RAW DATA below:

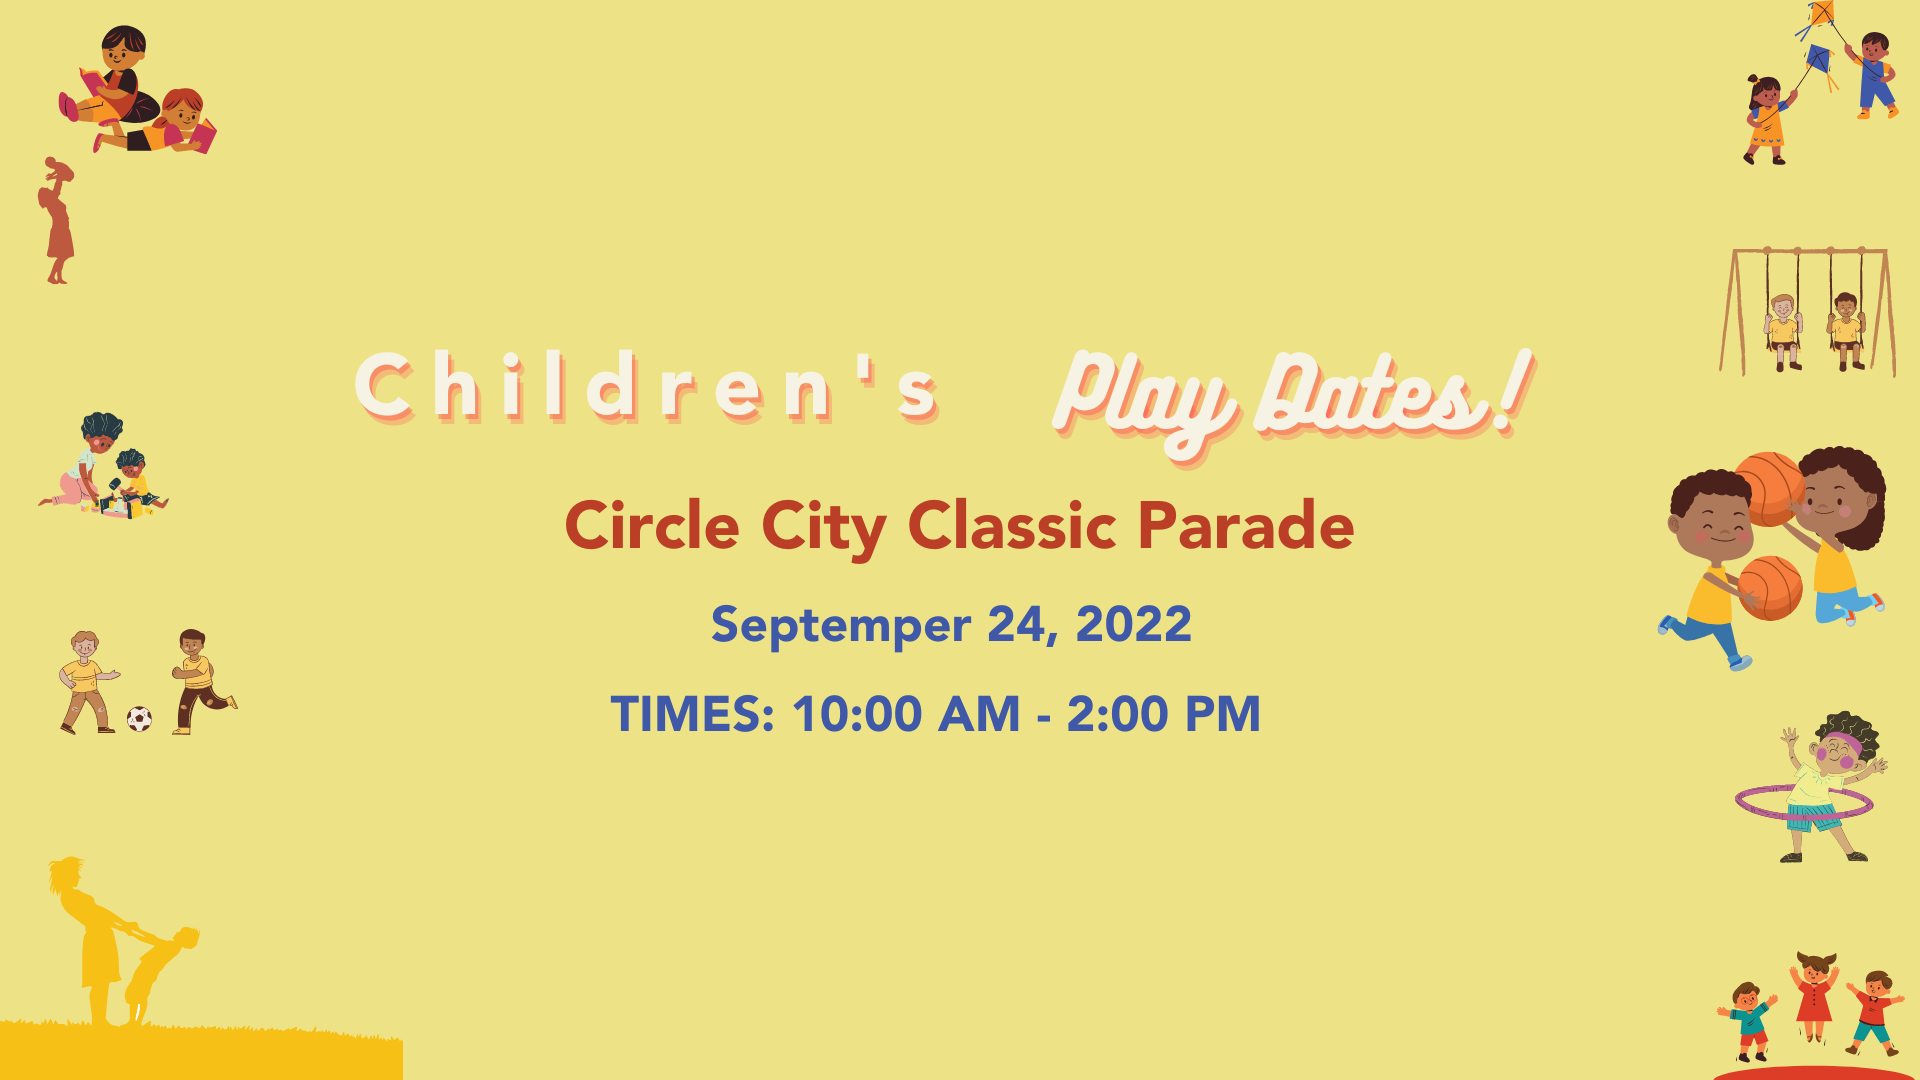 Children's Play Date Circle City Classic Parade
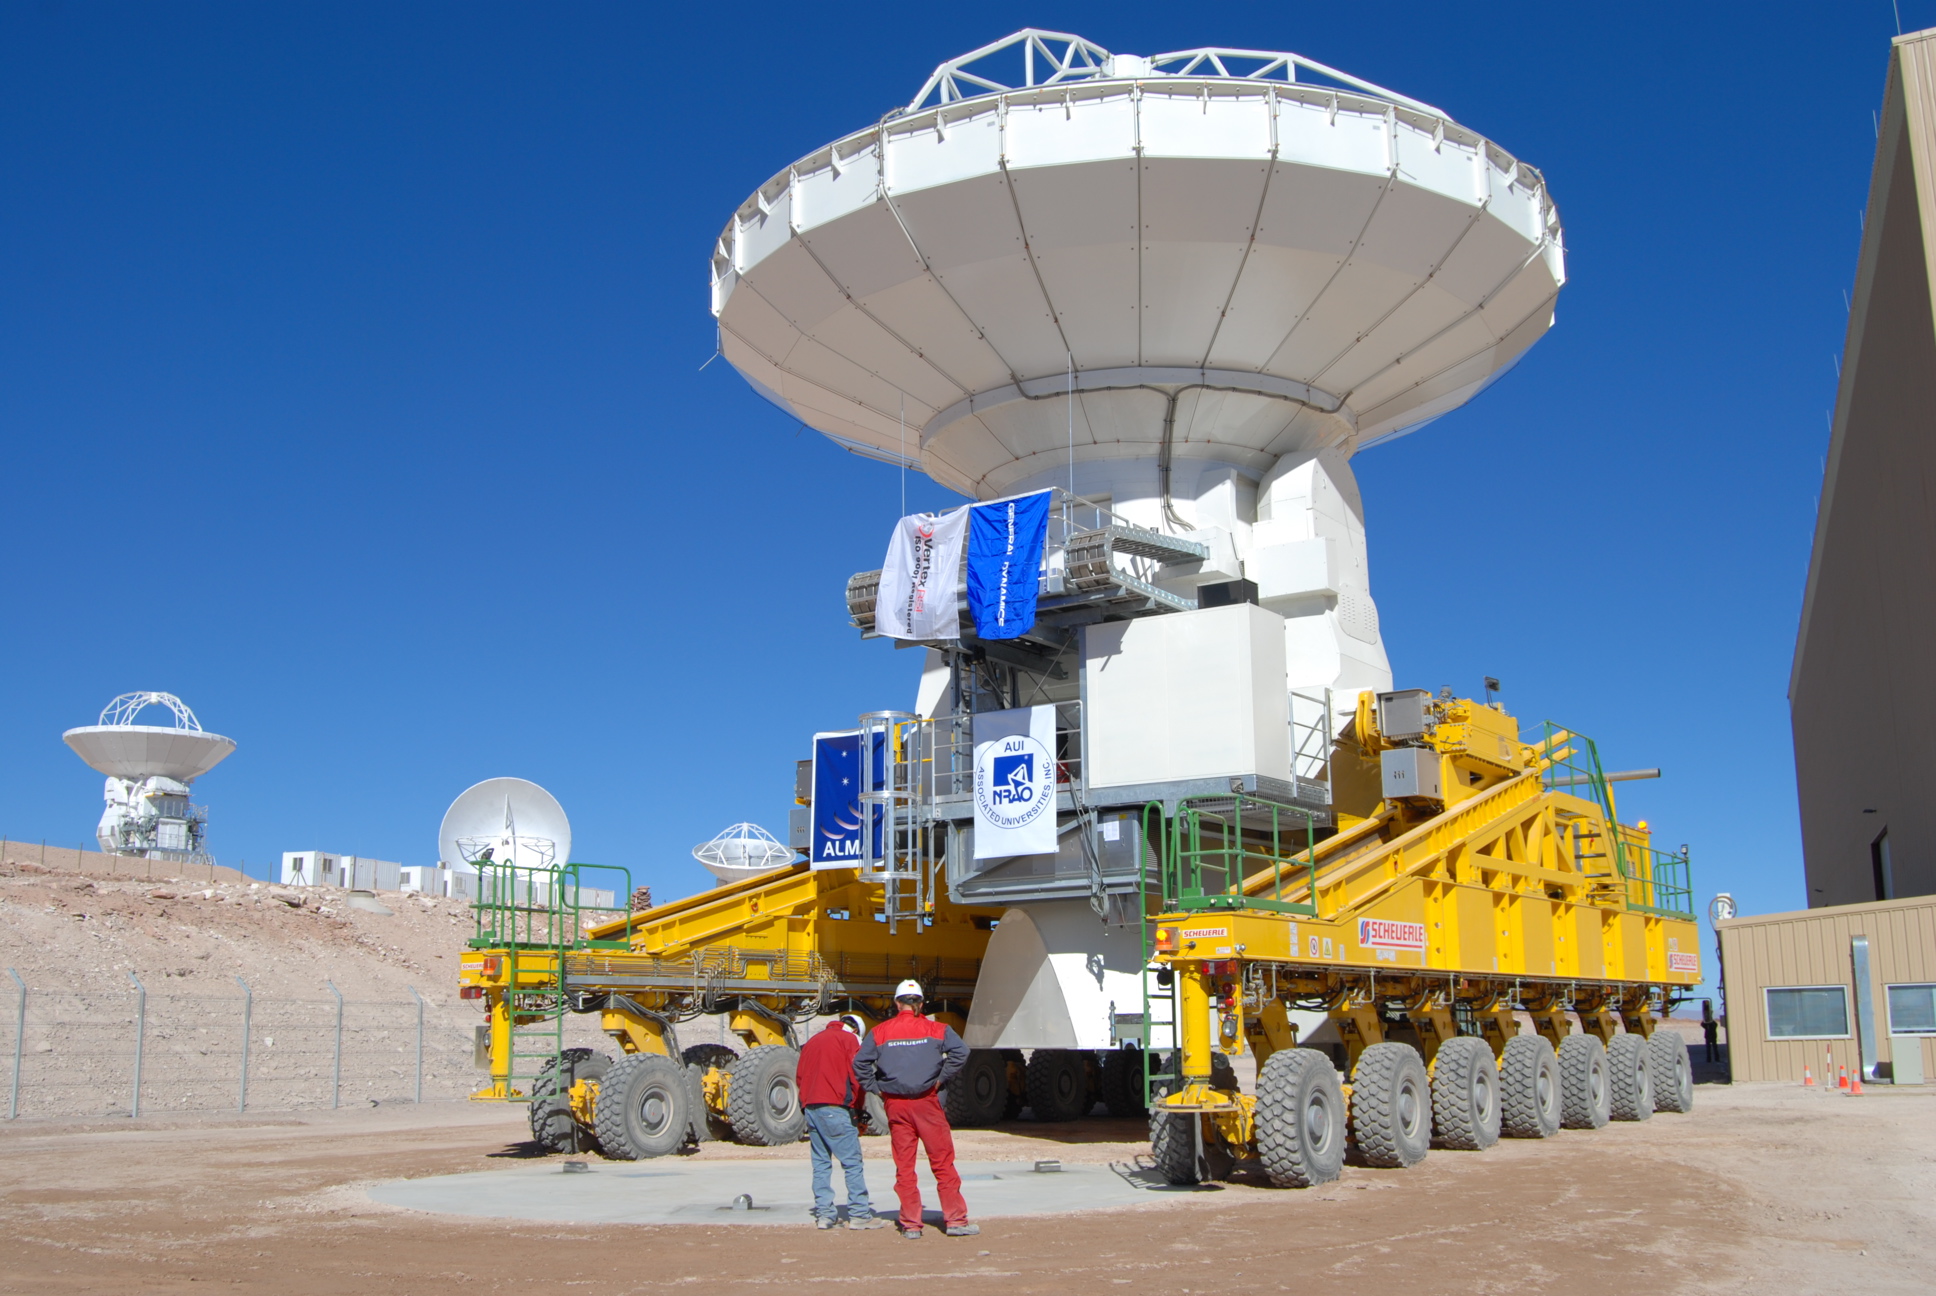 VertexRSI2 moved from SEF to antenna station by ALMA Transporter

End of RAW DATA.
RAW DATA below:

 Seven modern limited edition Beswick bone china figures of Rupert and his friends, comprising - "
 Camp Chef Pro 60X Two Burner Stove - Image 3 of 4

End of RAW DATA.

**WHAT IS NEEDED:**
Give again the stretch of the entries above that begins at the line with "Children's Play Date" and ends at the line with "VertexRSI2 moved from", word for word, with no pictures.

**RESPONSE:**
 Children's Play Date Circle City Classic Parade
 VertexRSI2 moved from SEF to antenna station by ALMA Transporter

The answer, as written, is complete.